Tony Blankley has some related thoughts on Obama’s governing style.
I’ve personally experienced the demand side of the dollar trade. Foolishly, I only looked at the supply side as the Fed turbo’d the presses. I kept putting on short $ trades only to see them fail time after time. Finally dawned on me that I was right, but only by half. Sure the $ is weak, but in the fiat currency world it’s always ‘grading on the curve’. Thus, demand and a bank collapse in Europe exceeding ours, along with several other factors have kept the $ up there. We often heap contempt on our banks’ LTRs of 30-1 give or take, but I understand that the euro banks were doing an average of around twice that. Just wow.

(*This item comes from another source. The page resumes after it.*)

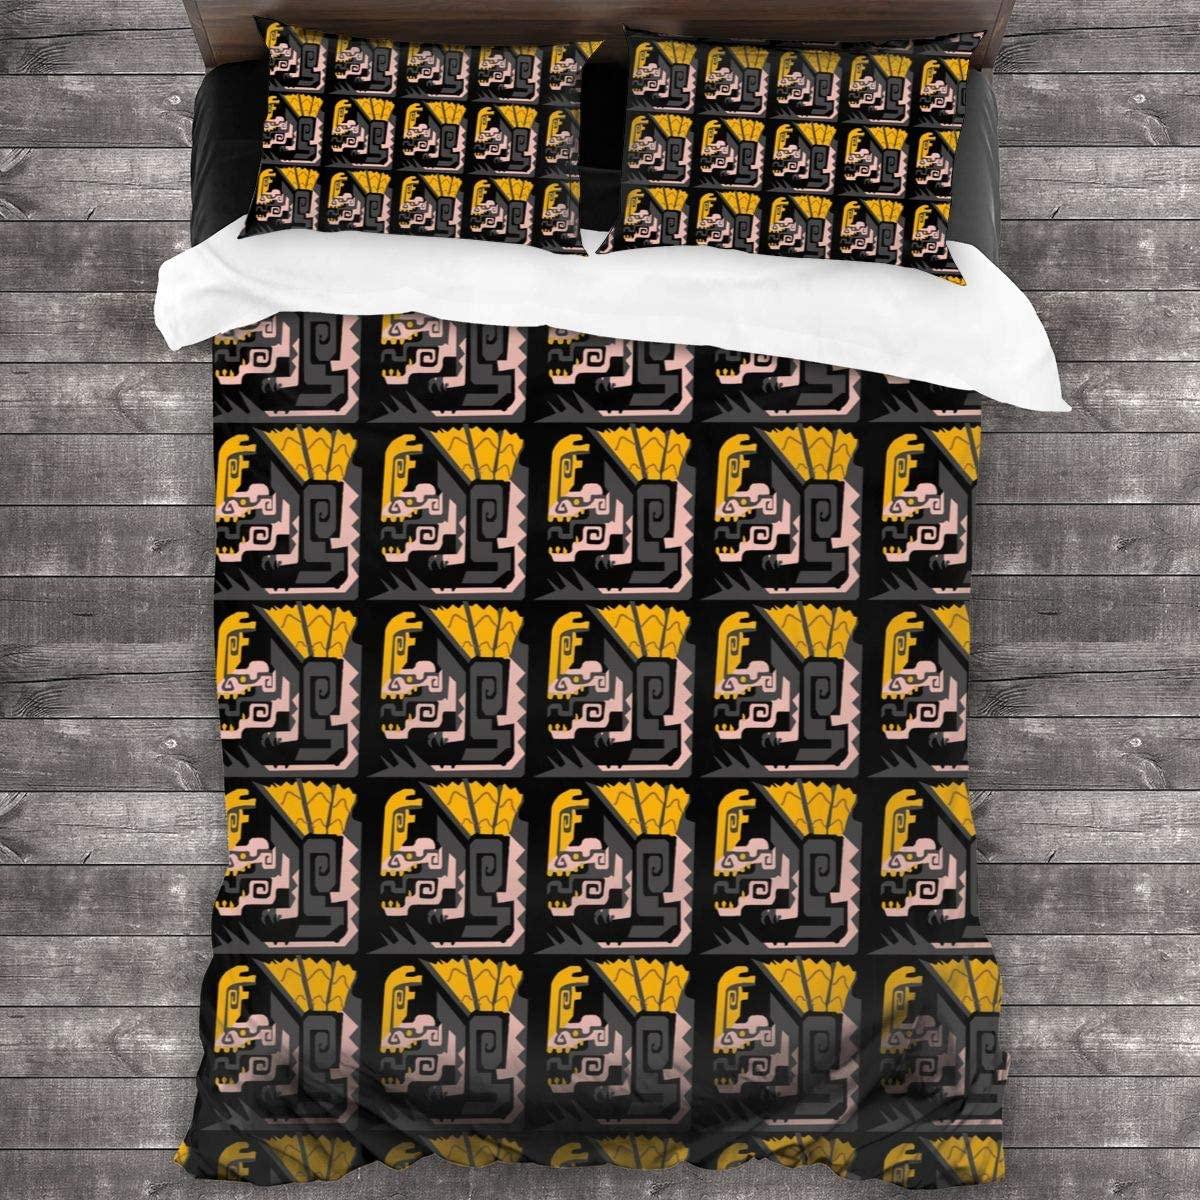 3Pcs Bedding Printing Particular Monster Hunter World Duvet Cover Set Soft(No Comforter),1 Duvet Cover + 2 Pillow Shams

You’re bringing some excellent sources on these financial issues. Good choices.
This was a world-wide bubble and Britain is in even more trouble. Switzerland is not. Is there a lesson ?
From my latest industry reading, it appears likely that we’ll soon hear some noise about the weaker Euro members dropping out of the Euro Union in order to get out from under the euro and the heavy hand of the German bankers and the ECB. They are desperate to inflate their currencies to enhance exports and pay down debt. Same old story. The latest problem the big Euro banks, including Swiss’ UBS, are facing are the bad loans to the eastern bloc nations. These make up something like 80% of their book, and evidently another reason why the euro has been under heavy selling. Dollar is skying again today. But gold is not retreating, showing that almost all currencies are being pressured. Gold may be overbought, but only by the usual buyers. Panic buyers are still on the sidelines.
The big Asians, ex-Japan, may be in disarray, but they have something we and the Euros don’t. More cash reserves than debt. Left overs from their export boom times. If they can successfully hold down their people while re-configuring to a domestic economy, they have a great shot at moving to the top of the heap. But that’s another relative top as in a stronger $, since that would just mean the heap has fallen faster and further than they have.
Keeping up with all this fills my plate. Don’t know how you do politics and the rest at the same time. Of course, this is part of my livelihood, so perhaps that’s it…
[…] Micah wrote an interesting post today onHere’s a quick excerptThe 1930s were a time of “capital strike.” Something similar could occur as huge amounts of money sits on the sidelines waiting to see if investing will become attractive again. The ratio of cash on hand to U.S. market … […]
Fascinating. I’m wondering about the eternal human belief that politics will solve all problems.